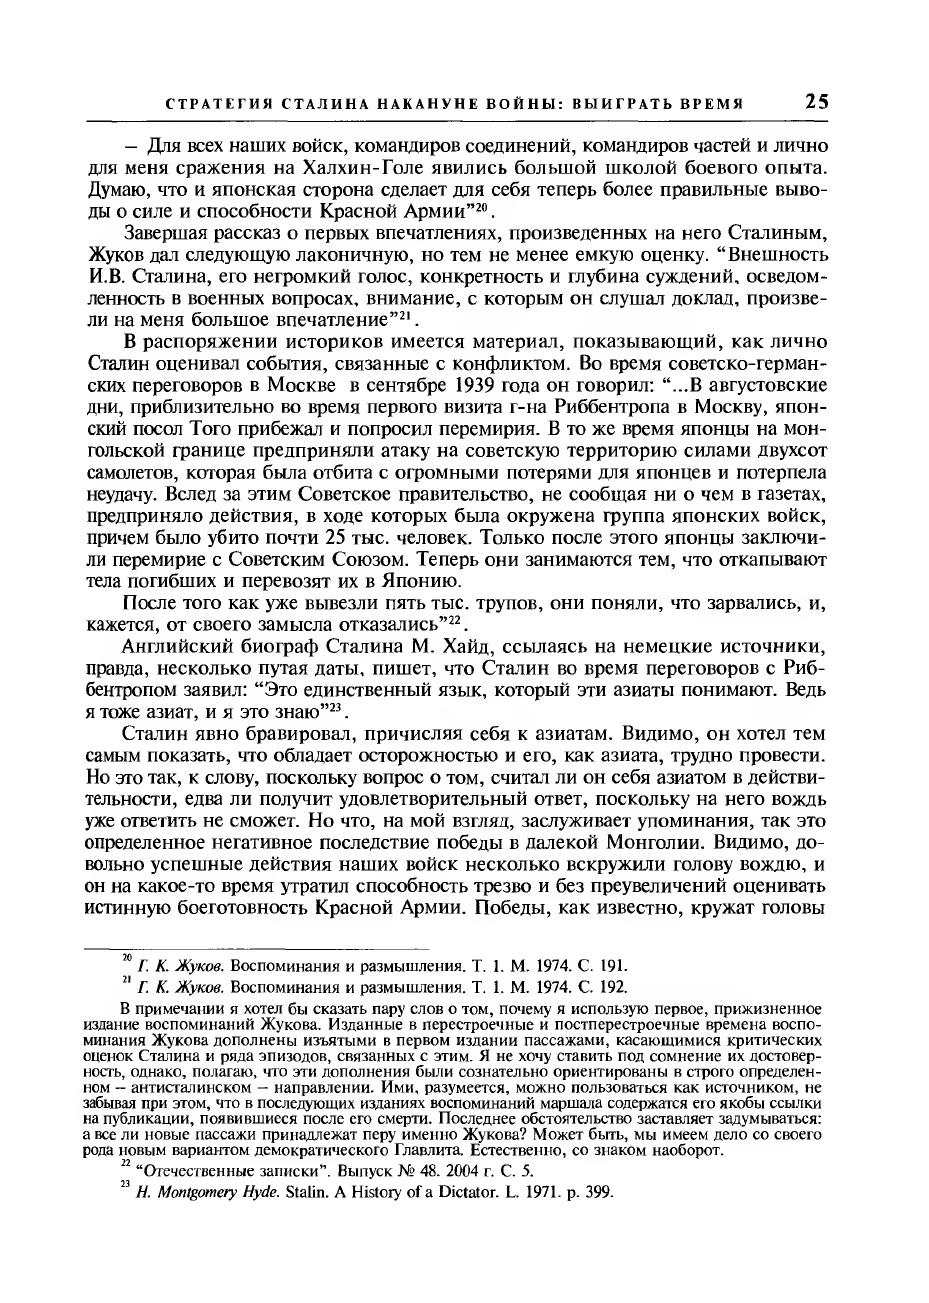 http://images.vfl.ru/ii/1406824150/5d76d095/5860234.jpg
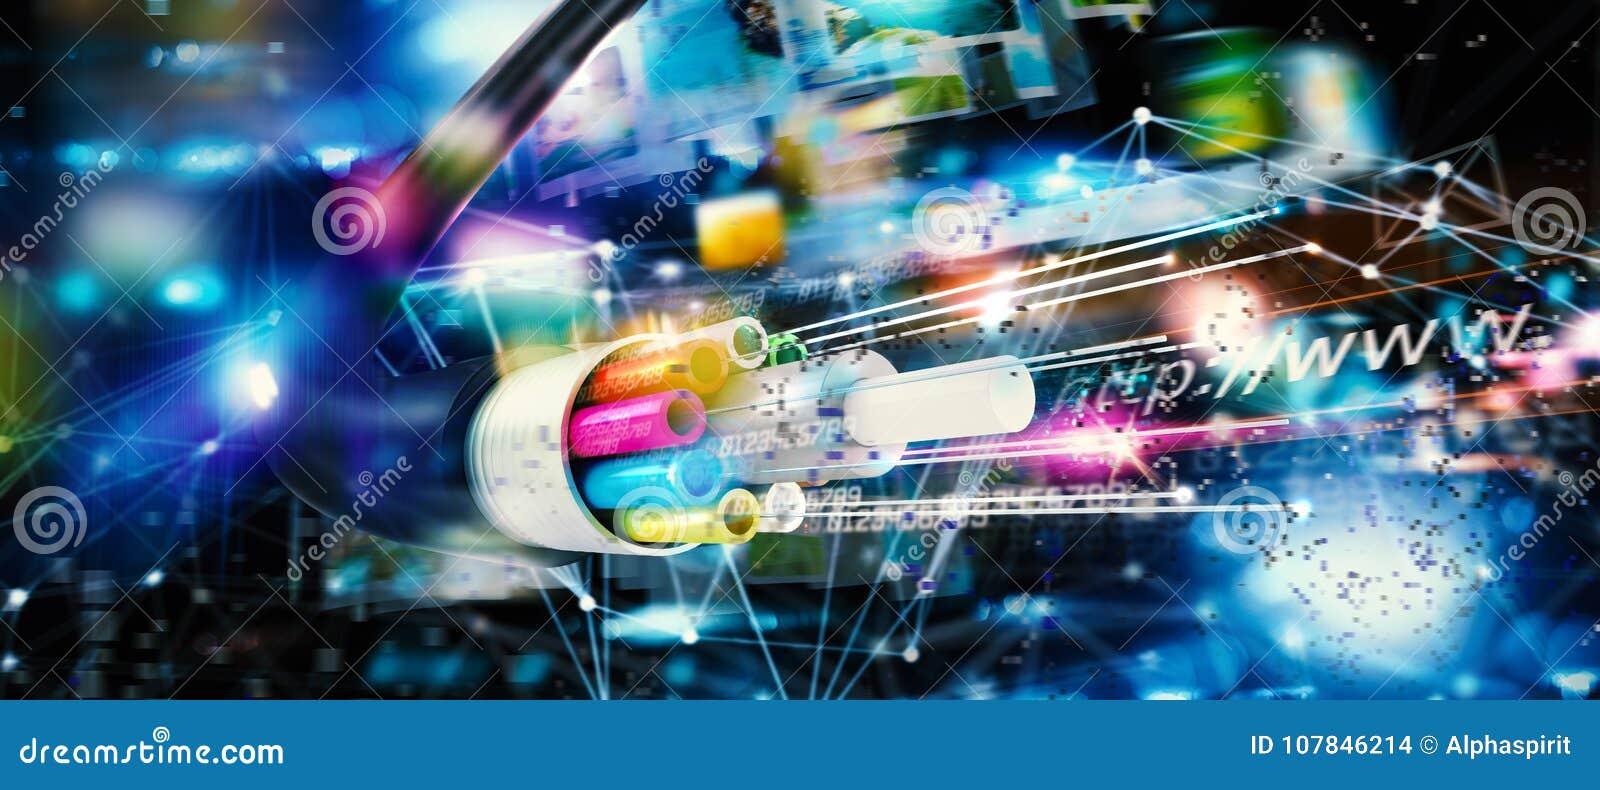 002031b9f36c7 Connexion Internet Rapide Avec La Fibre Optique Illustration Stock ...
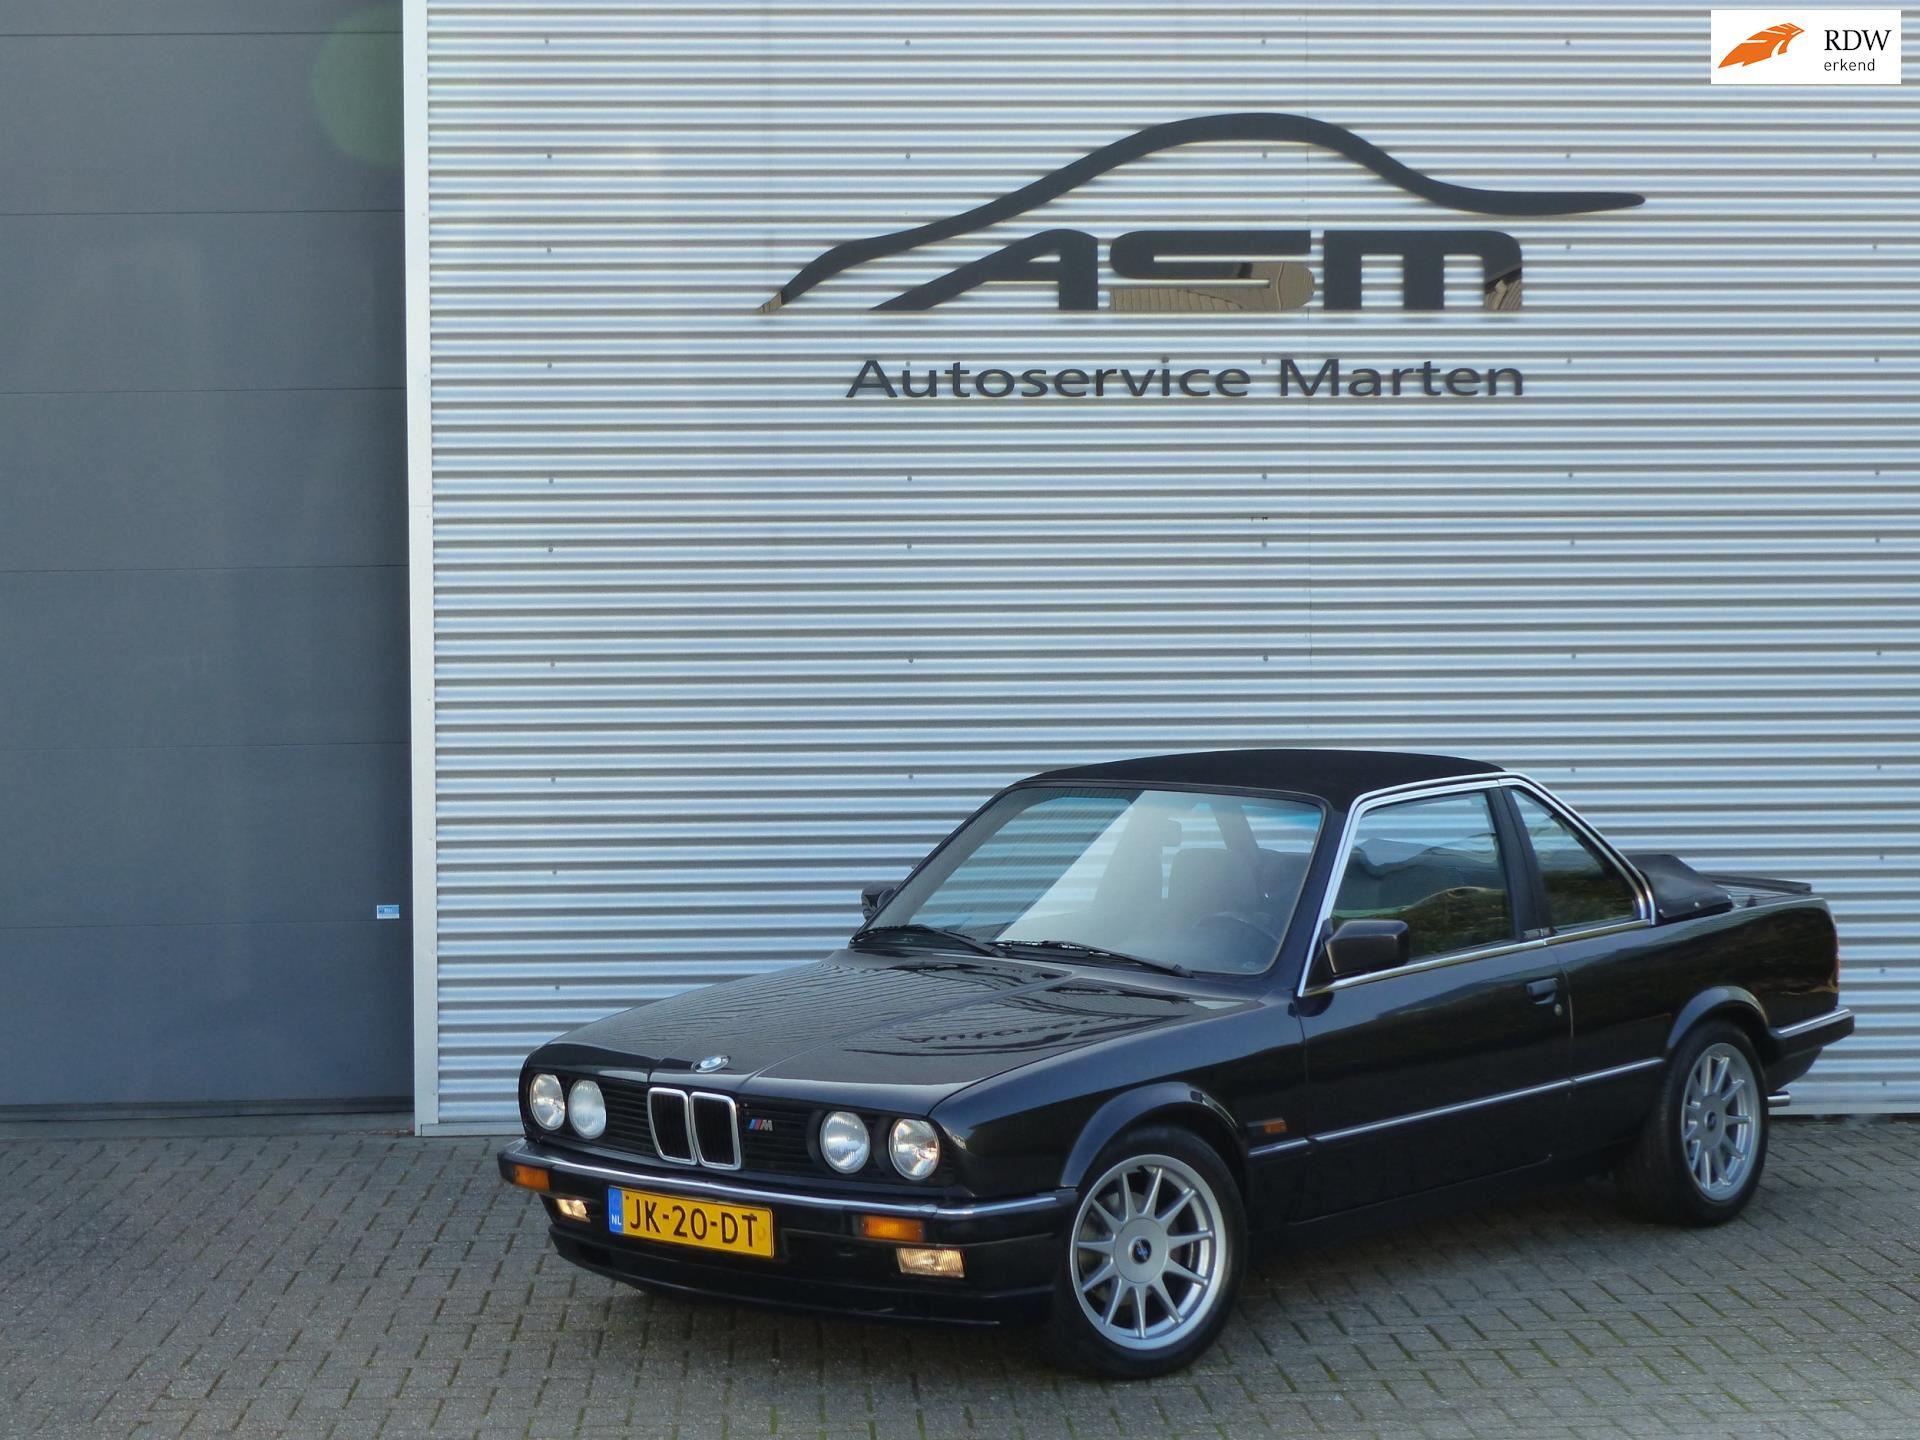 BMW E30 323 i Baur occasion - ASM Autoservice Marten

______________________________

Work instruction |
Reproduce all of the material exactly, apart from the pictures.

Response area |
 http://images.vfl.ru/ii/1406824150/5d76d095/5860234.jpg
 002031b9f36c7 Connexion Internet Rapide Avec La Fibre Optique Illustration Stock ...
 BMW E30 323 i Baur occasion - ASM Autoservice Marten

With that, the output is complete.